Hardcore Extending Rails 3: Rolling Out Your Own Framework

Rick Martinez (Flavorpill)
General
Location: Ballroom II
Average rating: ***..
(3.58, 19 ratings)

CMS with overly complex rules? Medical records software? Enterprise billing software? Web app SDK for large business?

Whatever your large project, if you’re an overengineer then you’ve probably already hit a few walls with Rails. Some lower-level features you’ve wanted to use or modify were poorly documented if documented at all and they weren’t flexible enough for your incredibly analytical mind. Adding custom behavior to Rails was a pain, and every time you hear the word “monkey patch,” you cringe like when you think of the times Visual Basic was considered “good.”

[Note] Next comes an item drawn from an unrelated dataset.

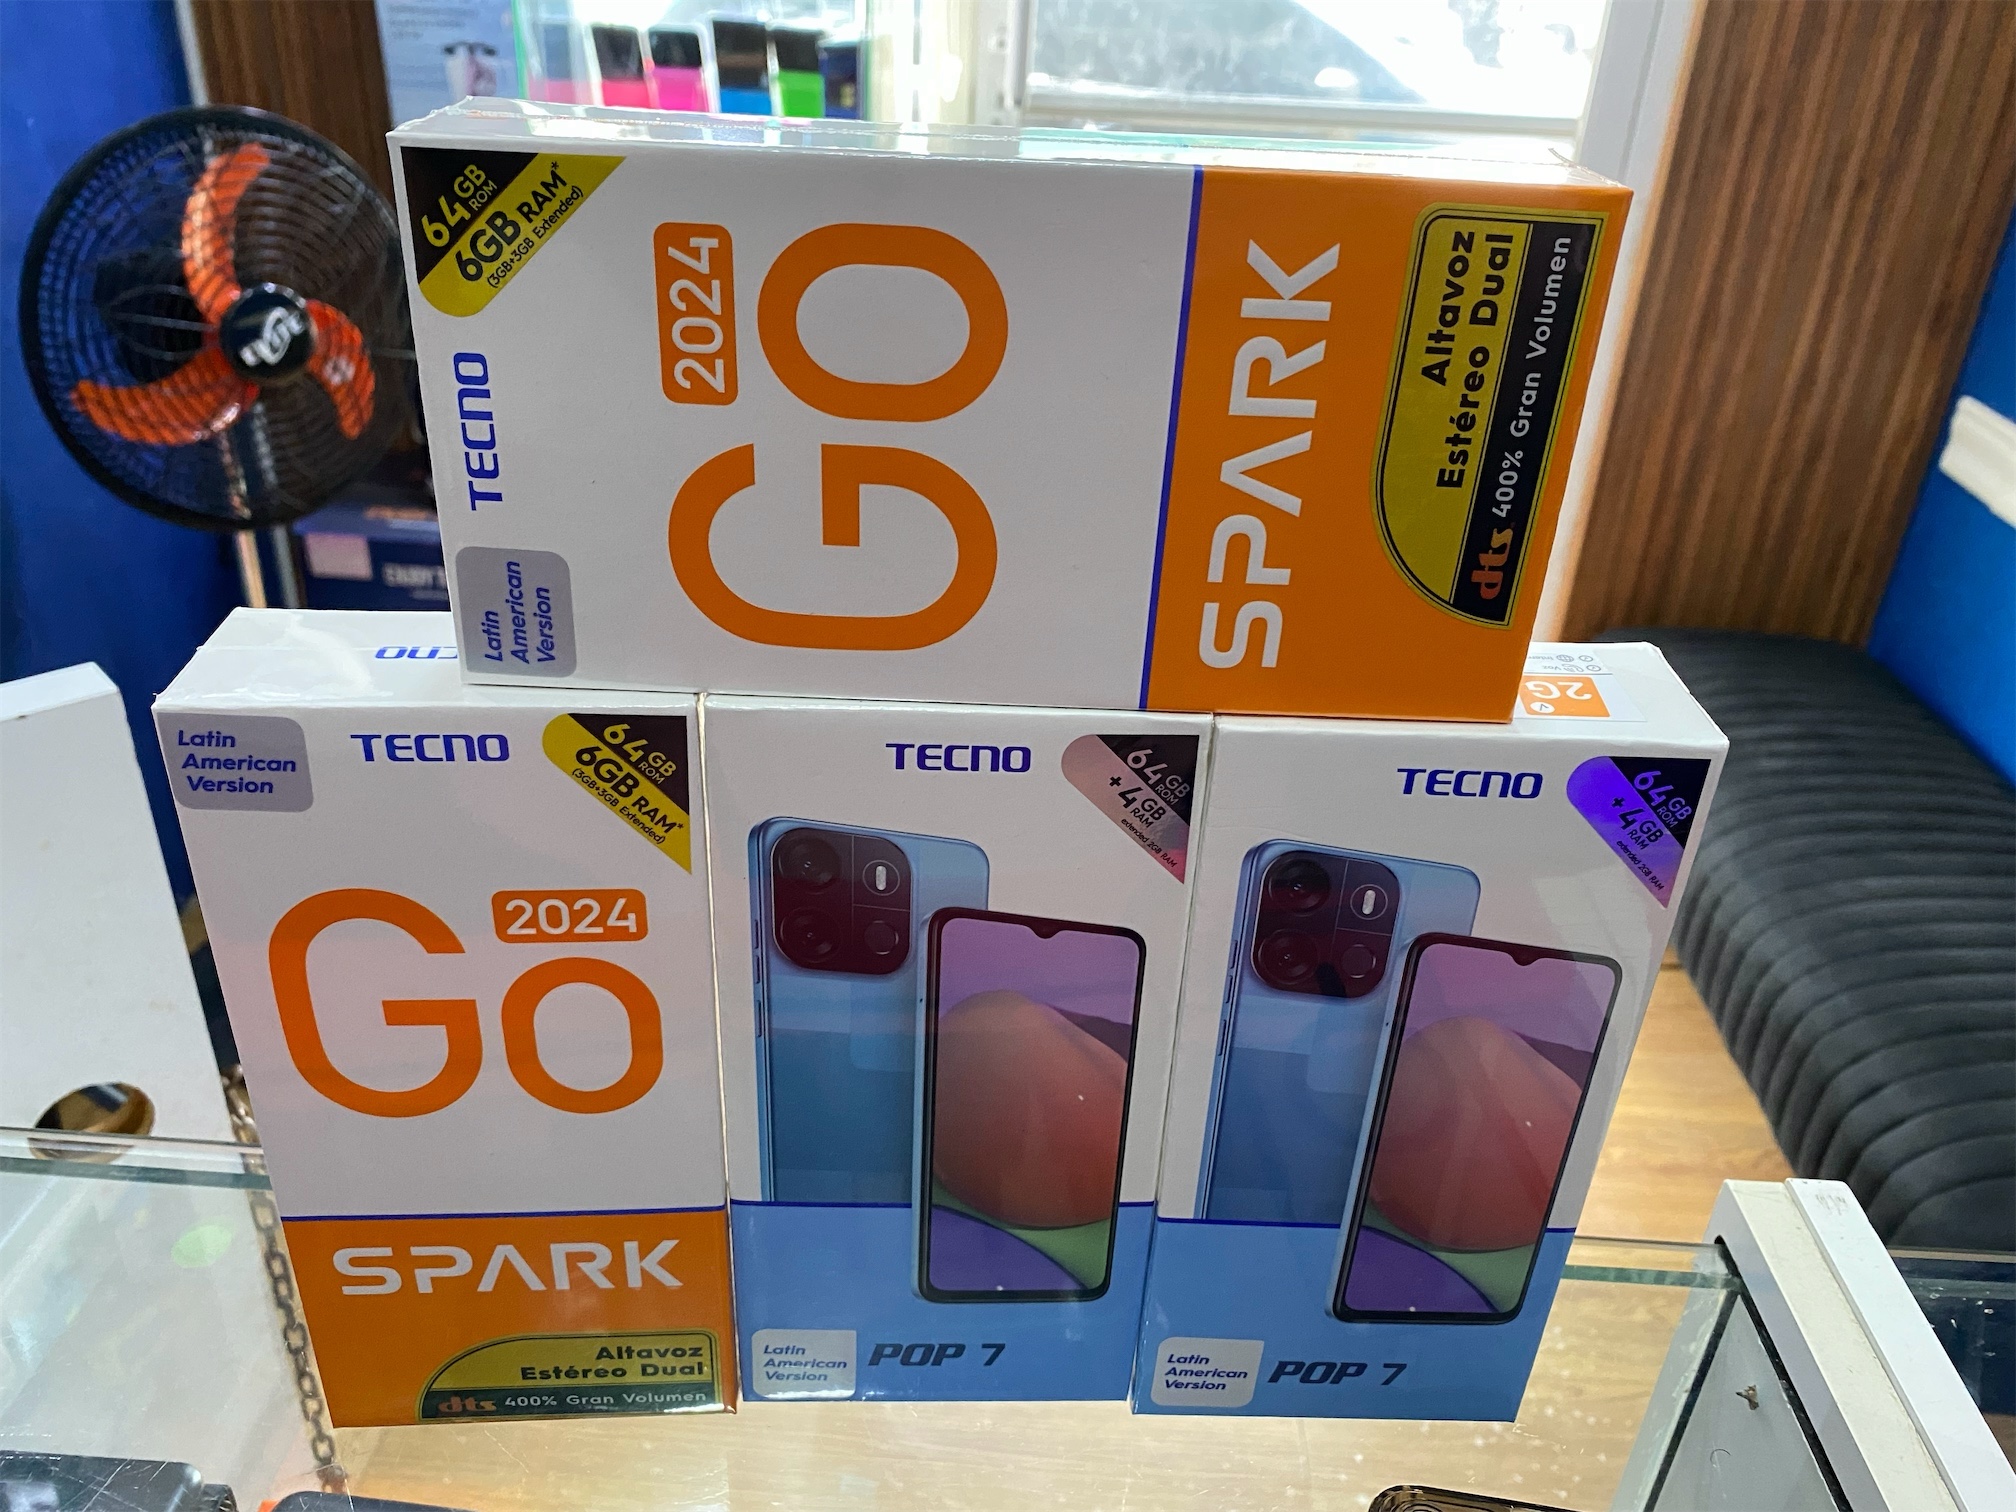 celulares y tabletas - Tecno pop 7 tecno goo spark 2024 64Gb  3

Well, that’s fixed now. With Rails 3, you can really build whatever your heart desires. Who said the Rails dispatch and MVC model had to be limited to a web application? Why does scaffolding have to be a “getting up and running” solution, but not a permanent one? Maybe you hate ActionView and would rather have your views be rendered in a native GUI? Screw it, let’s build a complete Rails application for the console.

Find out the different points of injection and extension for Rails 3 while building some incredibly useless apps. Get inspired and see why Rails can serve as a platform to build just about anything rapidly.

Photo of Rick Martinez

Rick Martinez

Flavorpill

Rick Martinez is Lead Developer at Flavorpill, an online culture magazine based in New York City. He’s been developing with Ruby on Rails for over 5 years and is originally from Miami, Florida. Rick spoke at RailsConf 2010 about extending Rails 3 core components. He can’t decide what was more significant last year: Rails 3 or his 21st birthday.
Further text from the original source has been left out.